◆ Instructions for the task
Extract the lines beginning at the one that holds "Simulated Emerald-Cut Peridot" and ending at the final line of the material below, keeping them exact and leaving out all pictures.

◆ Exercise data
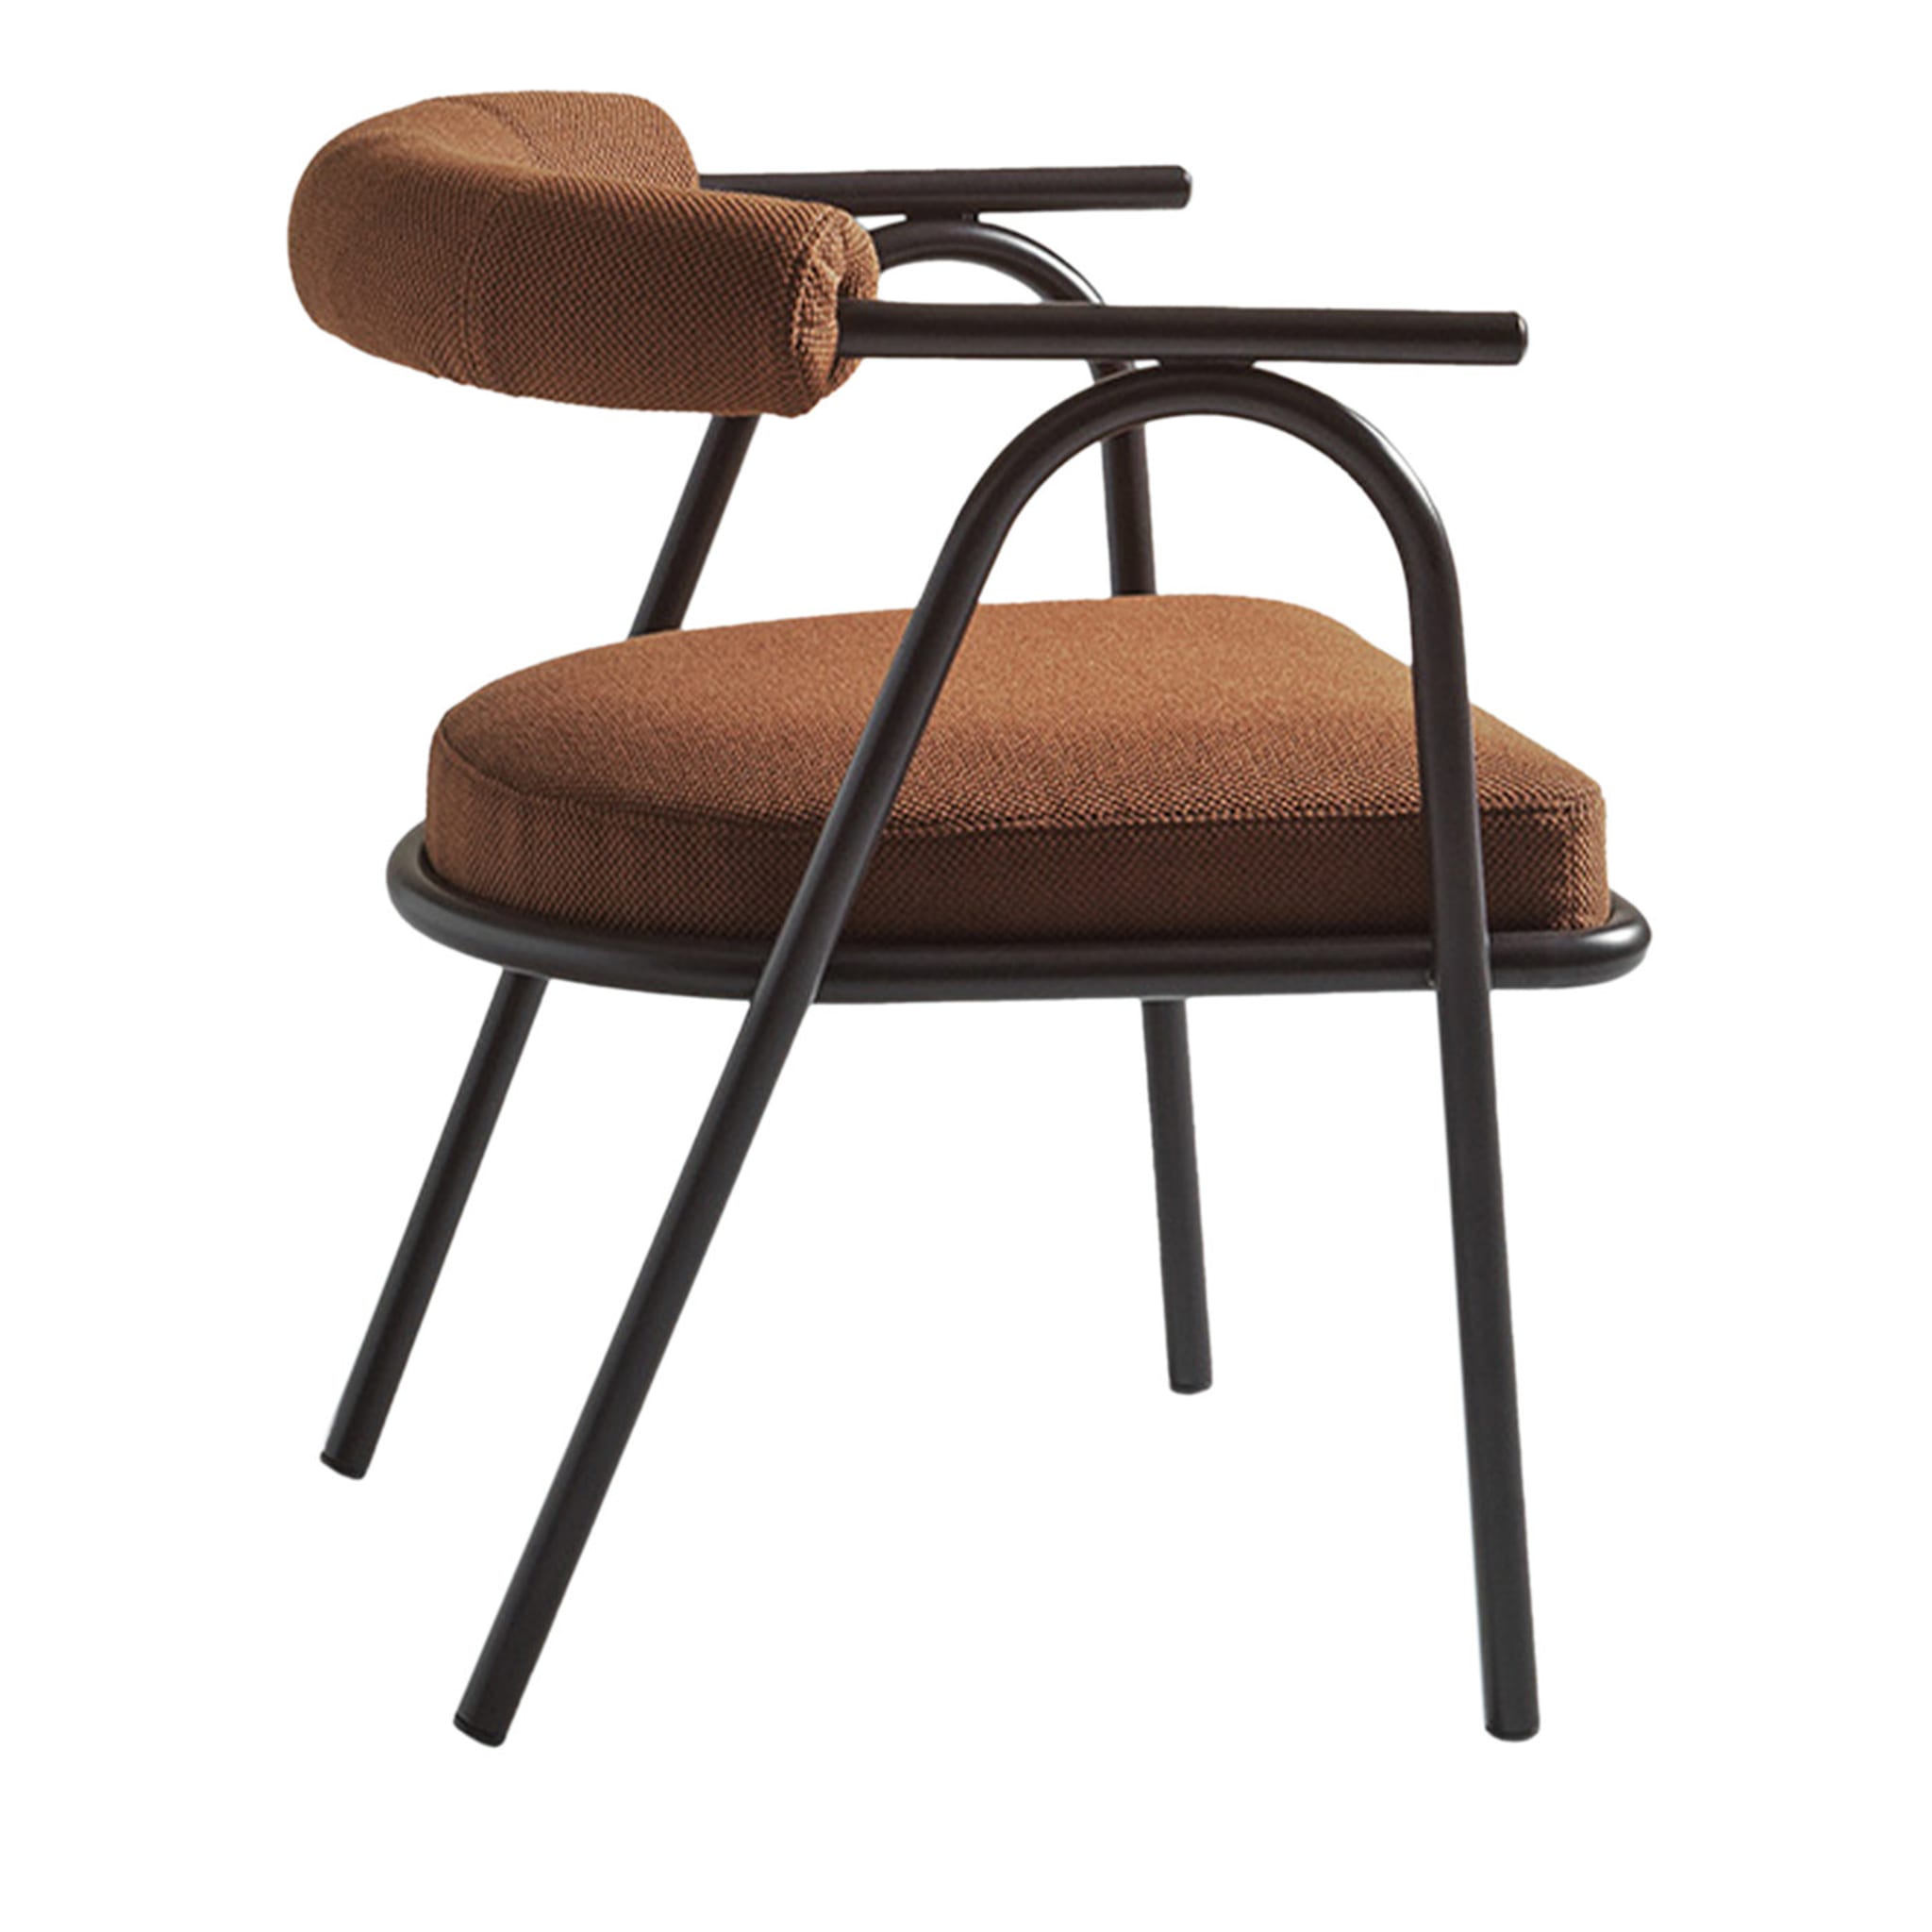 Baba Brown Chair by Serena Confalonieri - Main view
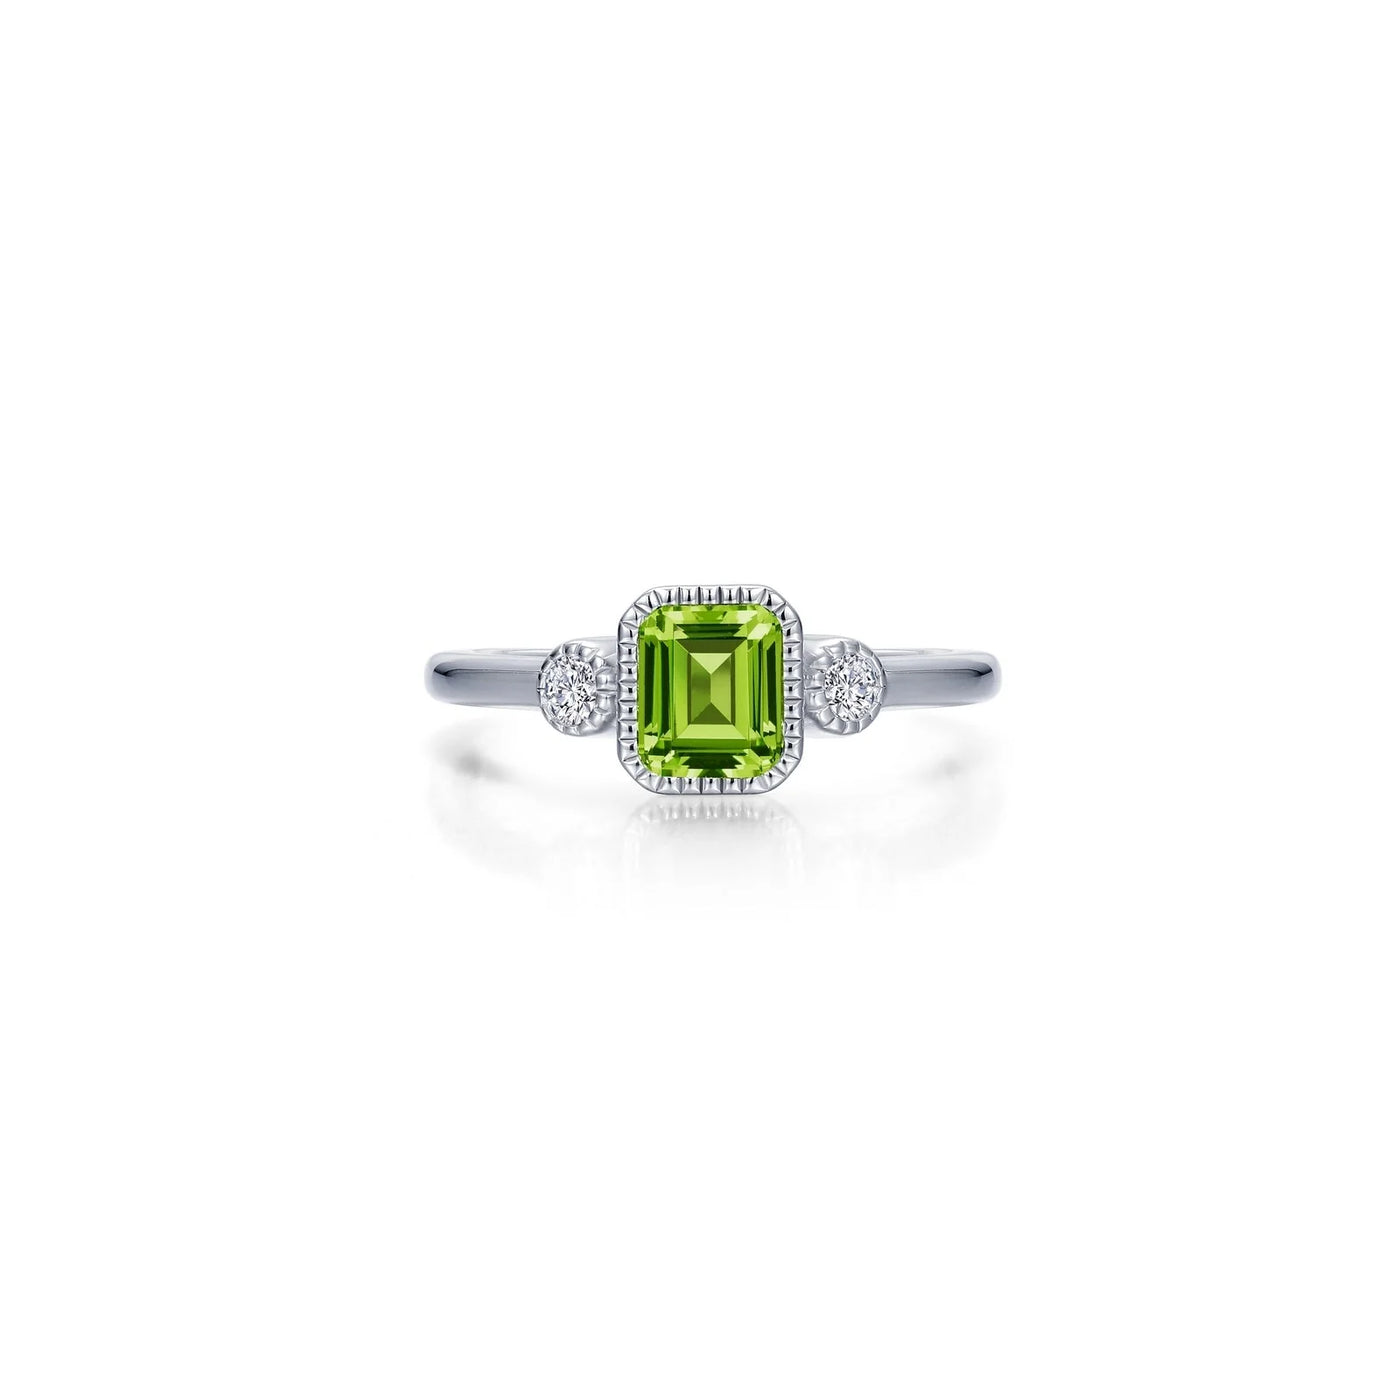 Simulated Emerald-Cut Peridot & Diamond August Birthstone Ring
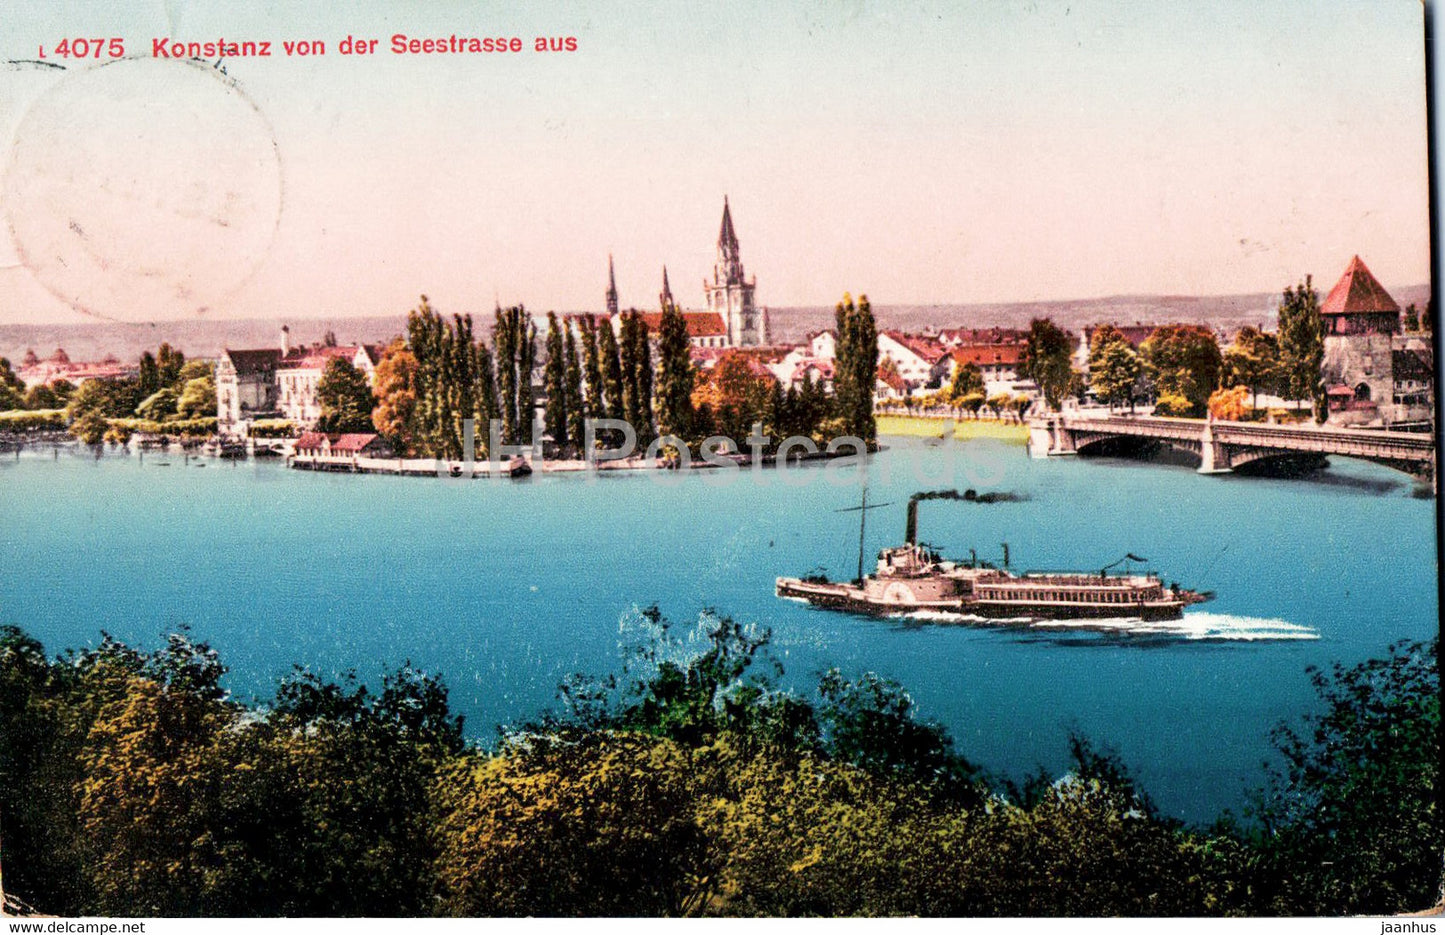 Konstanz von der Seestrasse aus - ship - steamer - 4075 - old postcard - 1911 - Germany - used - JH Postcards

◆ Result
 Simulated Emerald-Cut Peridot & Diamond August Birthstone Ring
 Konstanz von der Seestrasse aus - ship - steamer - 4075 - old postcard - 1911 - Germany - used - JH Postcards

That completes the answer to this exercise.